**Assignment:**
Your task is to restate the listing word for word without the pictures.

**Given data:**

*** Begin section ***

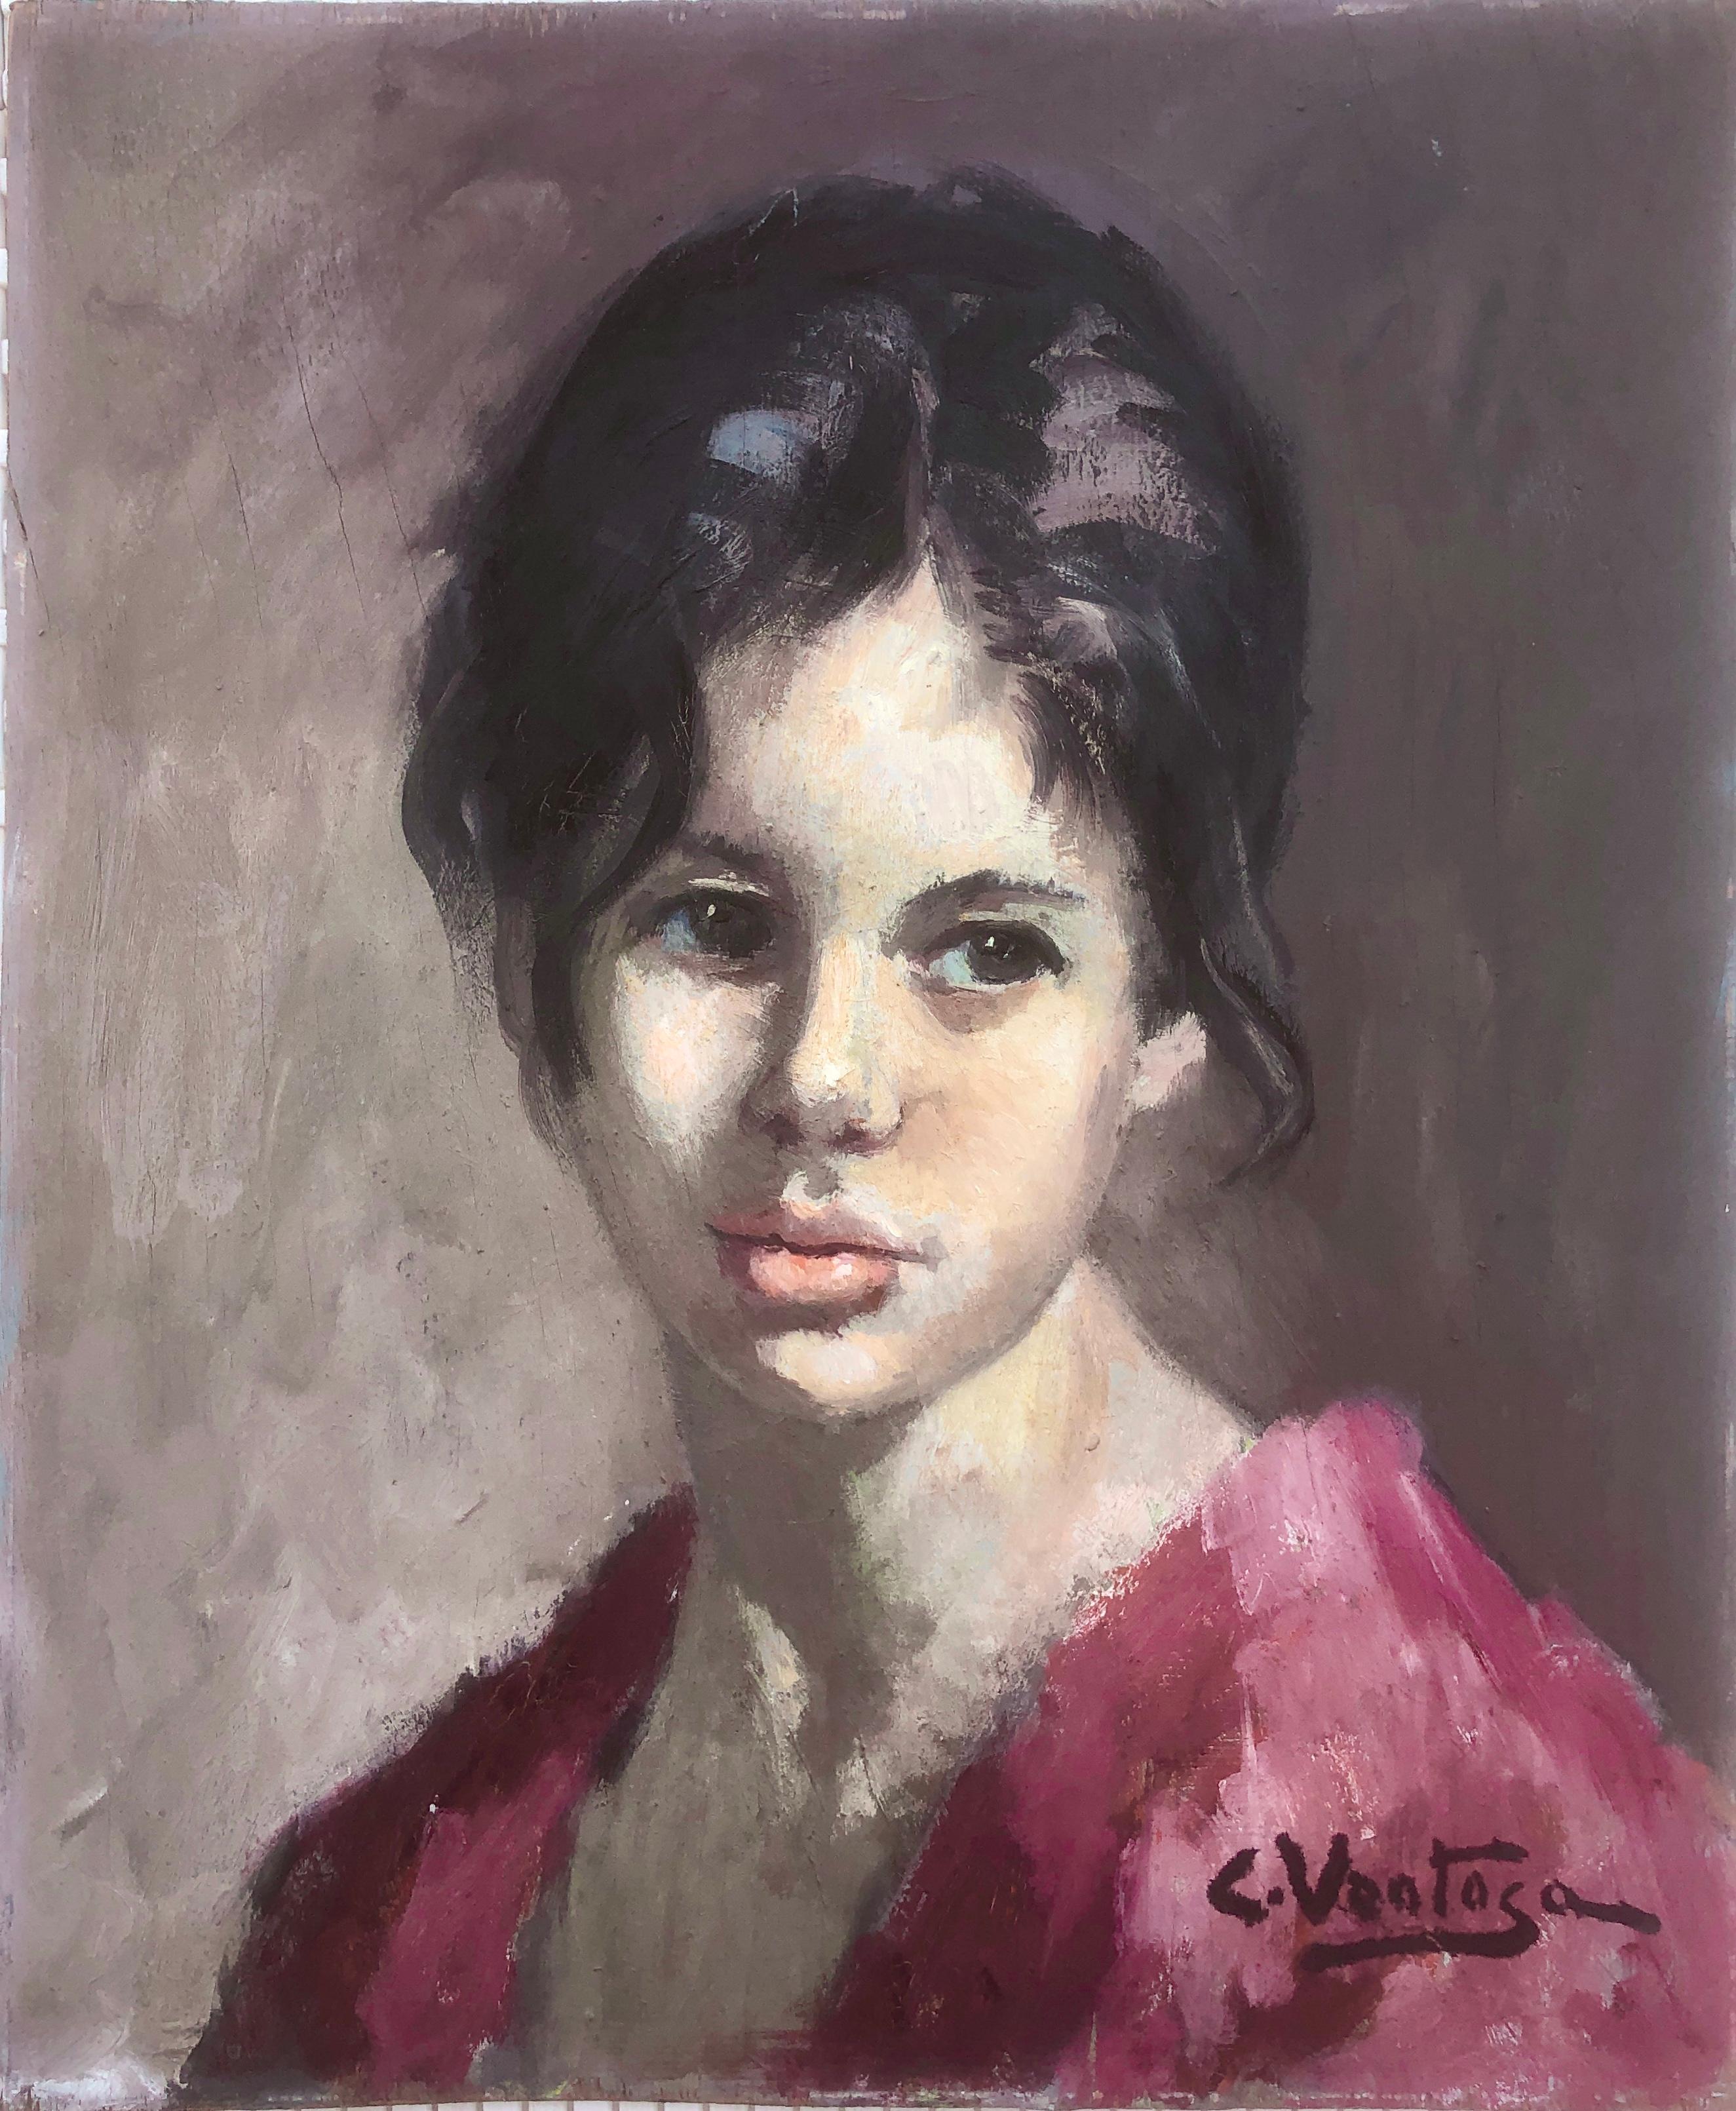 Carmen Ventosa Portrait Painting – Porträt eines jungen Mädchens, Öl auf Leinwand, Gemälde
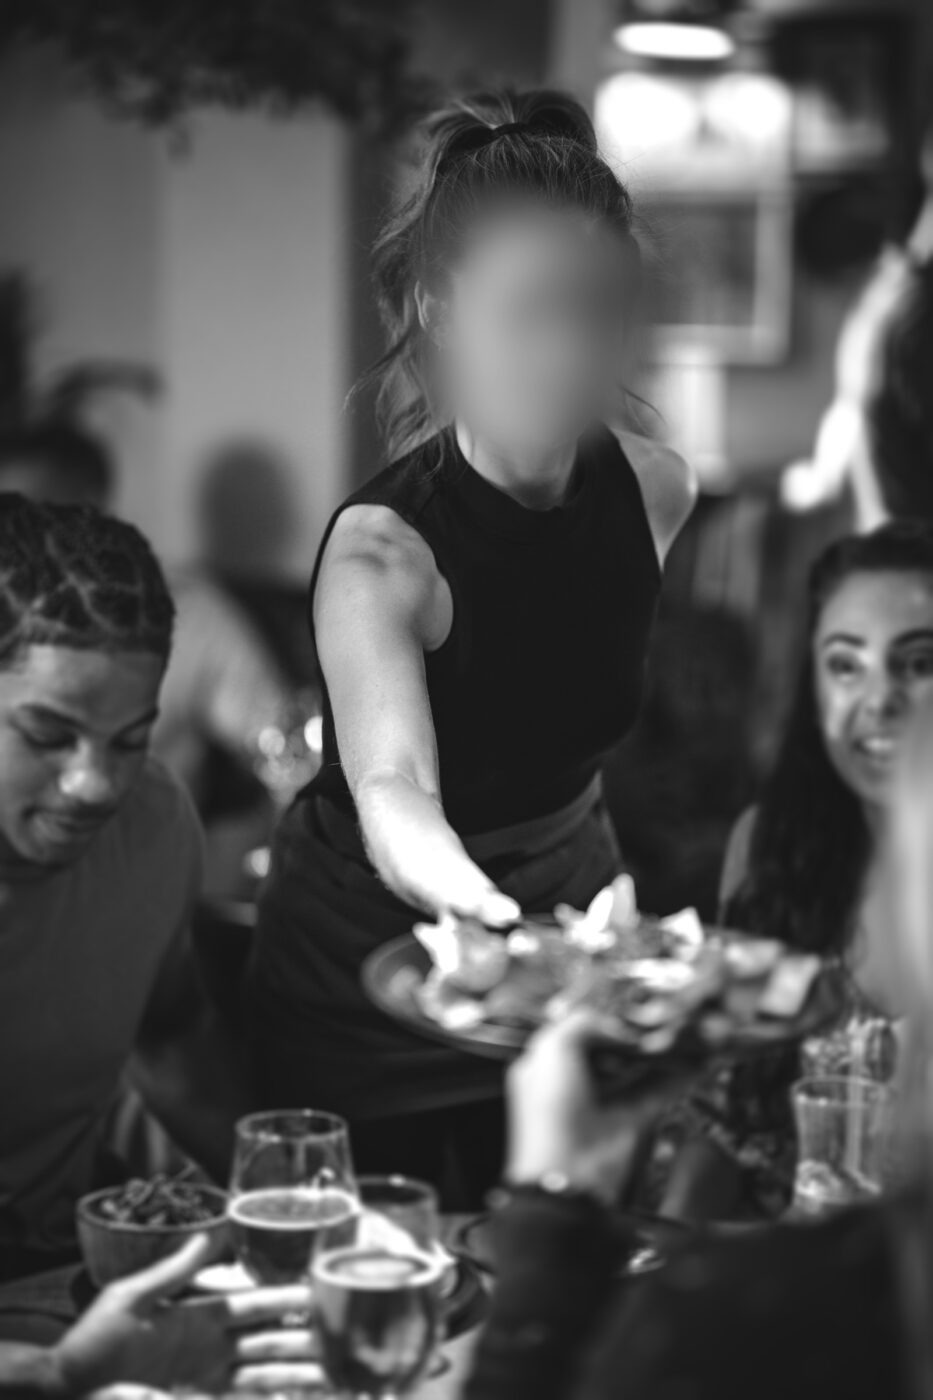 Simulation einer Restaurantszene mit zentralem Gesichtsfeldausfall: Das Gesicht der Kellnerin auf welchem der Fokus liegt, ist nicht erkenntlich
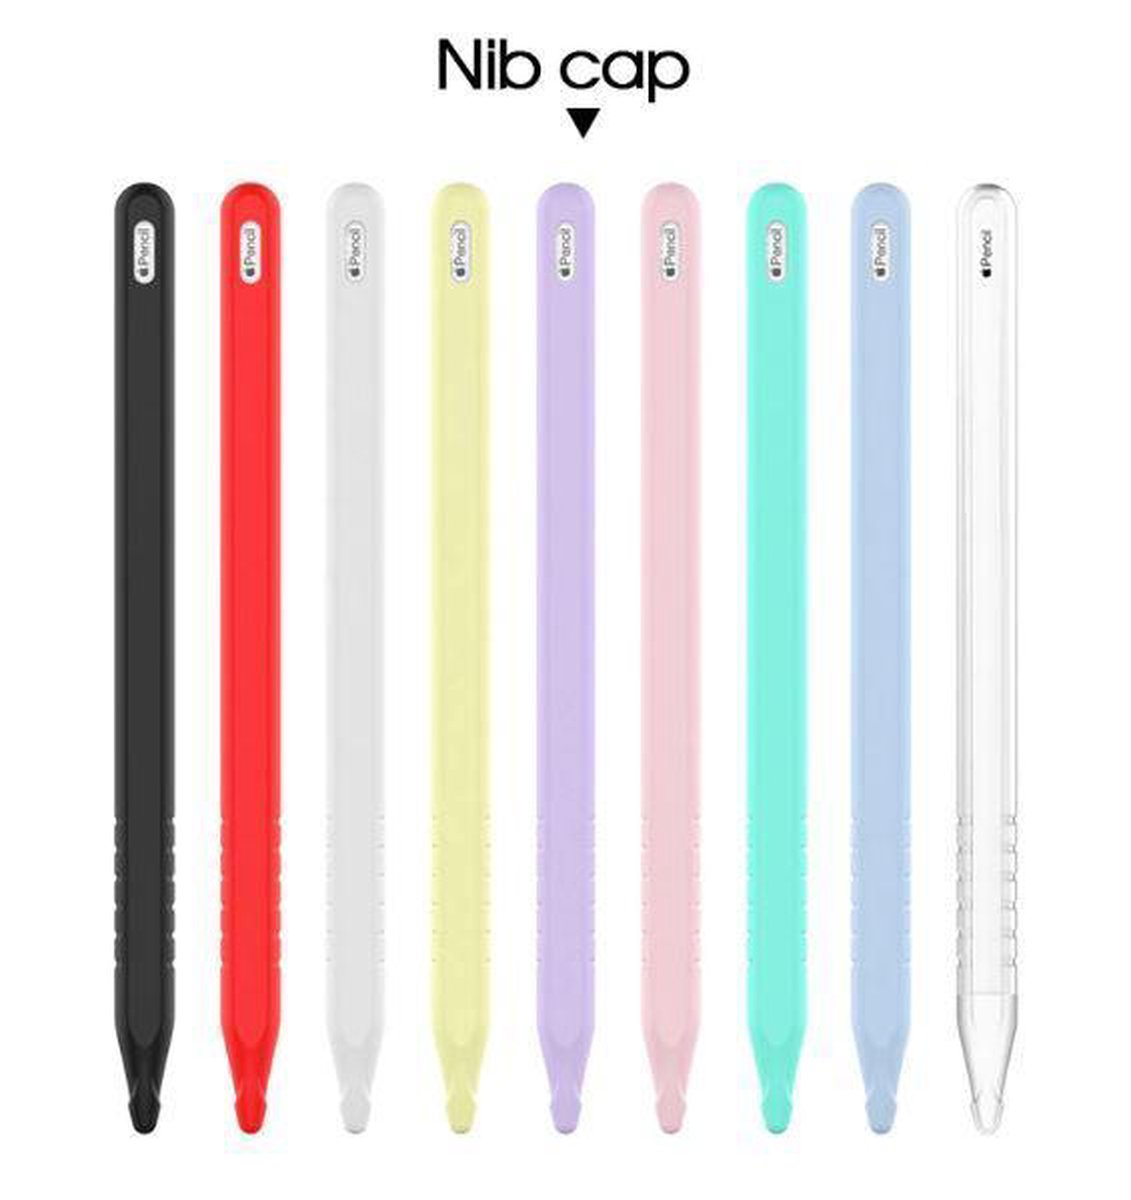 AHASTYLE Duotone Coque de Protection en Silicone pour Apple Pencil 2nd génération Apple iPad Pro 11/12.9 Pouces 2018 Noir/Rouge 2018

*** End section ***

**Written response:**
 Carmen Ventosa Portrait Painting – Porträt eines jungen Mädchens, Öl auf Leinwand, Gemälde
 Simulation einer Restaurantszene mit zentralem Gesichtsfeldausfall: Das Gesicht der Kellnerin auf welchem der Fokus liegt, ist nicht erkenntlich
 AHASTYLE Duotone Coque de Protection en Silicone pour Apple Pencil 2nd génération Apple iPad Pro 11/12.9 Pouces 2018 Noir/Rouge 2018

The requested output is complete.